Когда Дональд Кроу, освободившись от страховочных ремней благополучно приземлившегося ложемента, доковылял до командного пункта, «Хоплит» уже завершил тестовую программу, самостоятельно вернулся к ангару и занял место в центре разметочного круга.

Войдя в помещение диспетчерской Дональд, уже успевший разгерметизировать шлем, разразился яростной бранью.

Начальник полигона – майор, потерявший в боях обе руки, которые ему заменяли кибернетические протезы, повернулся, посмотрел на разъяренного пилота и произнес:

– Успокойся.

– Успокойся?! Да эта фрайгова машина вышвырнула меня из рубки!

– Я видел.

– И что?! – Лицо Кроу исказила злобная гримаса.

– Видно ты пришелся не по душе «Беатрис». – Сохраняя хладнокровие, ответил майор. – Я тут посмотрел документы, она потеряла пилота в последнем бою. Оттуда попала к нам.

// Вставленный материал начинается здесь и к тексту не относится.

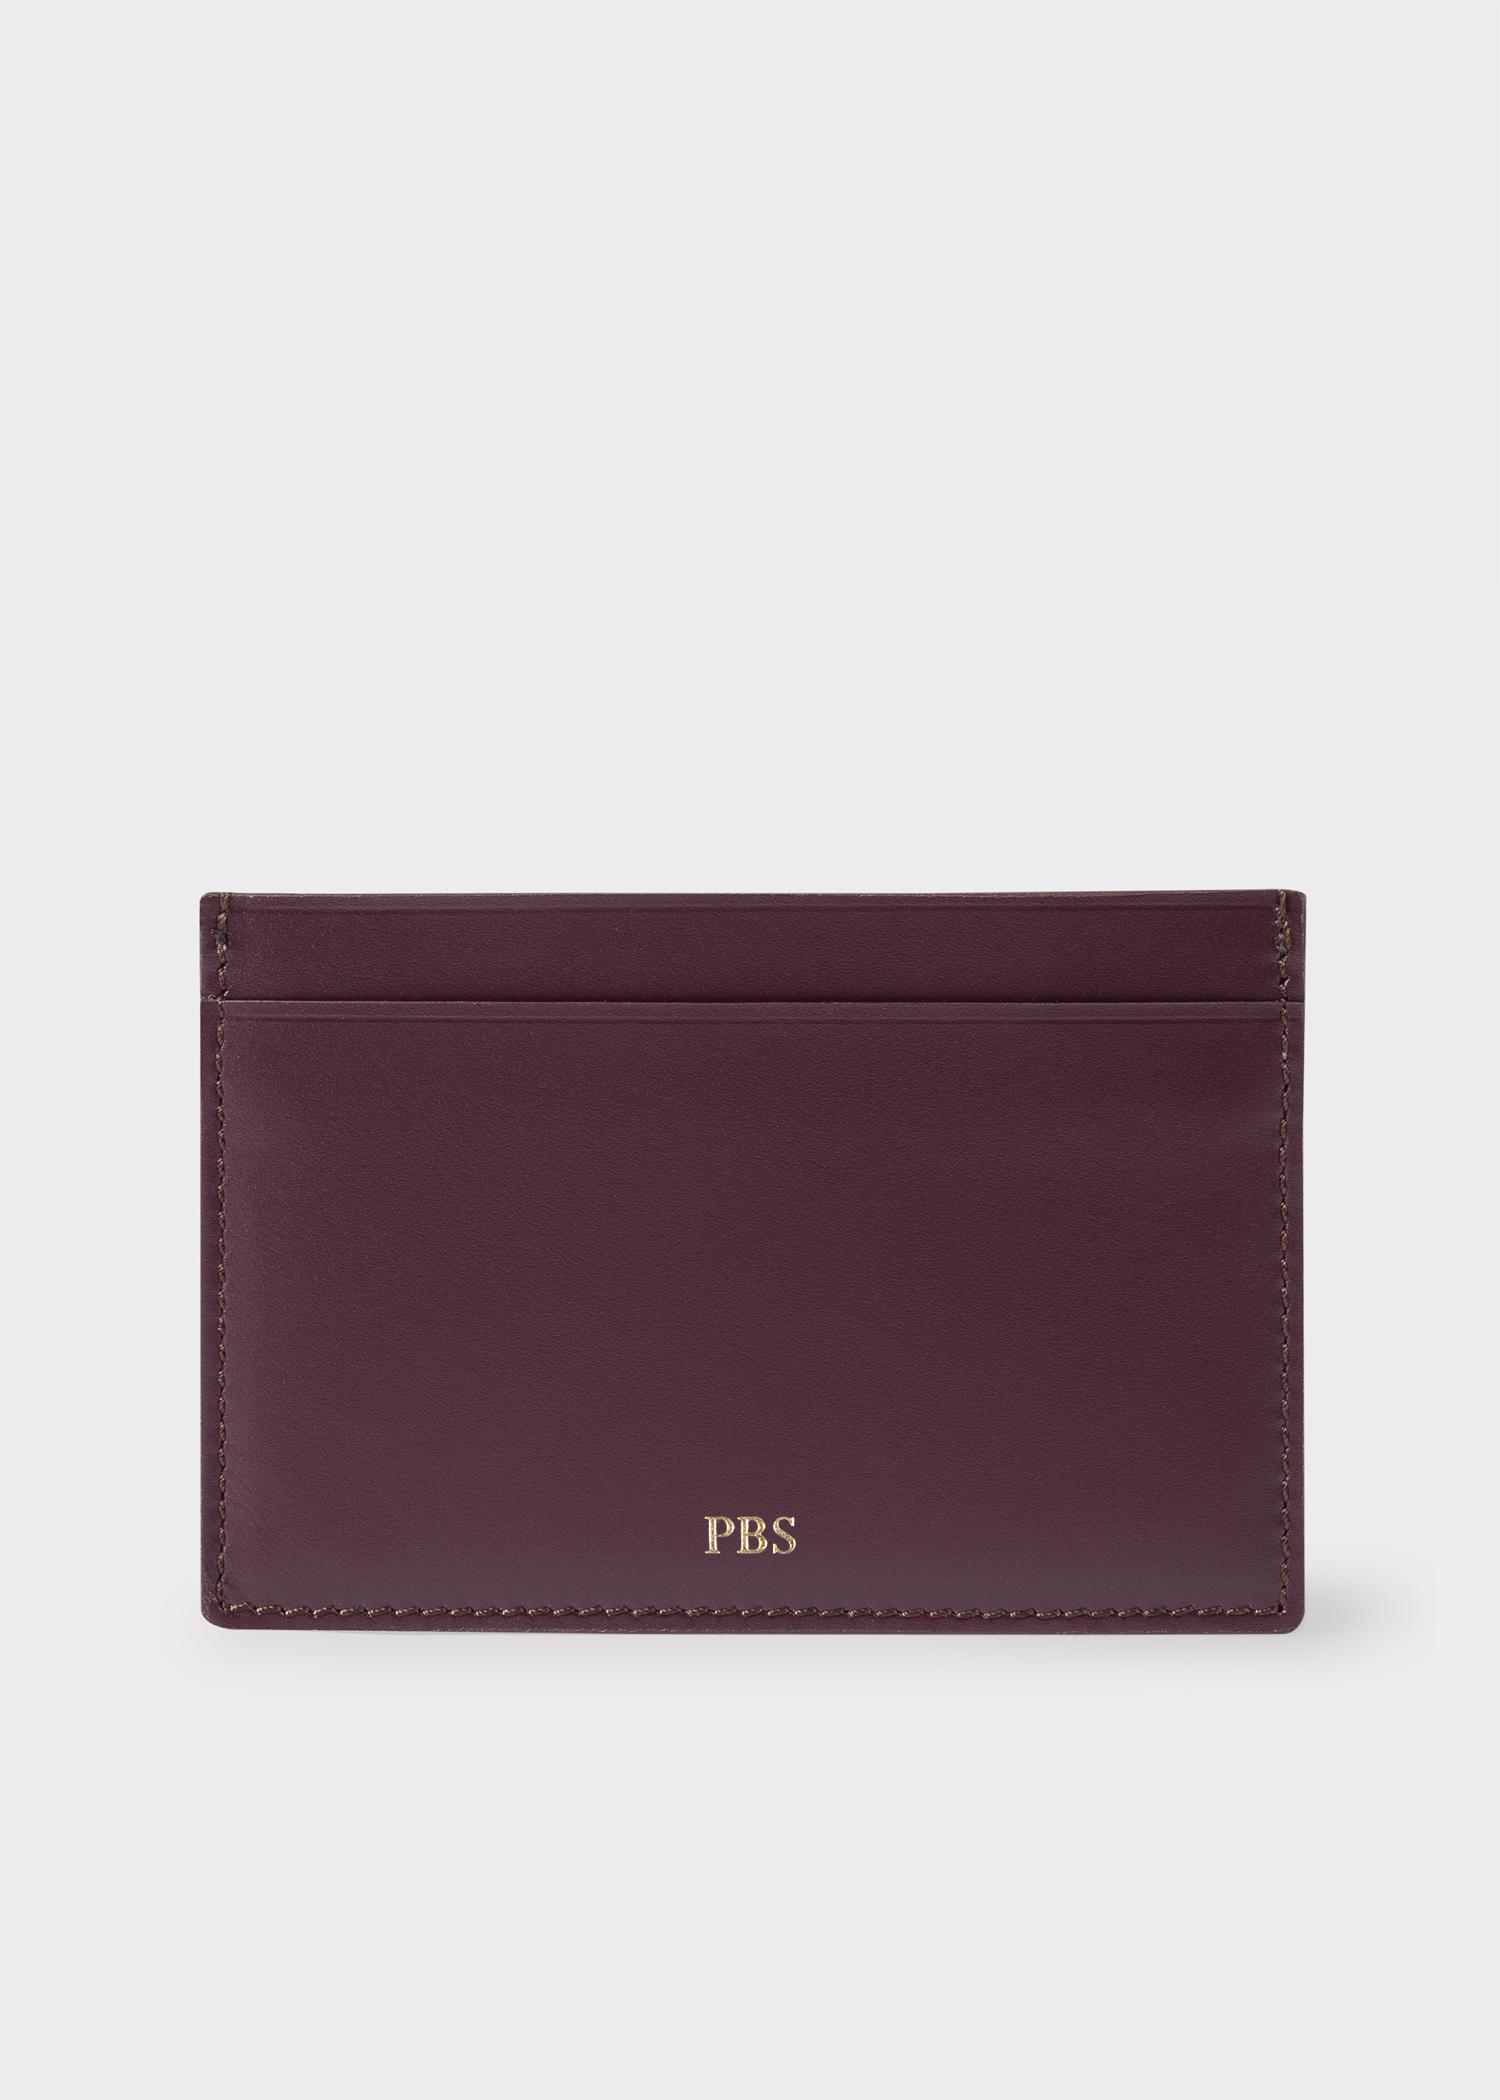 paul smith mens damson leather monogrammed credit card holder - Monogram Card Holder

– У нее травматический шок?! Не может видеть других людей? Не желает слушать чужих приказов?! Страдает по своему пилоту?

– Да. – С холодной неприязнью в голосе ответил майор.

– С каких это пор «Одиночкам» позволено переживать, а тем более вышвыривать человека из рубки?!

– У нее погиб пилот. – Словно не слыша слов Дональда, повторил старший офицер полигона. Он в отличие от Кроу знал, что значит терять боевых друзей, он видел, как плачут мужчины, и, сравнивая хамское поведение пилота-испытателя, со сдержанной реакцией искусственного рассудка, познавшего боль смертельной утраты, находил сравнение не в пользу Кроу.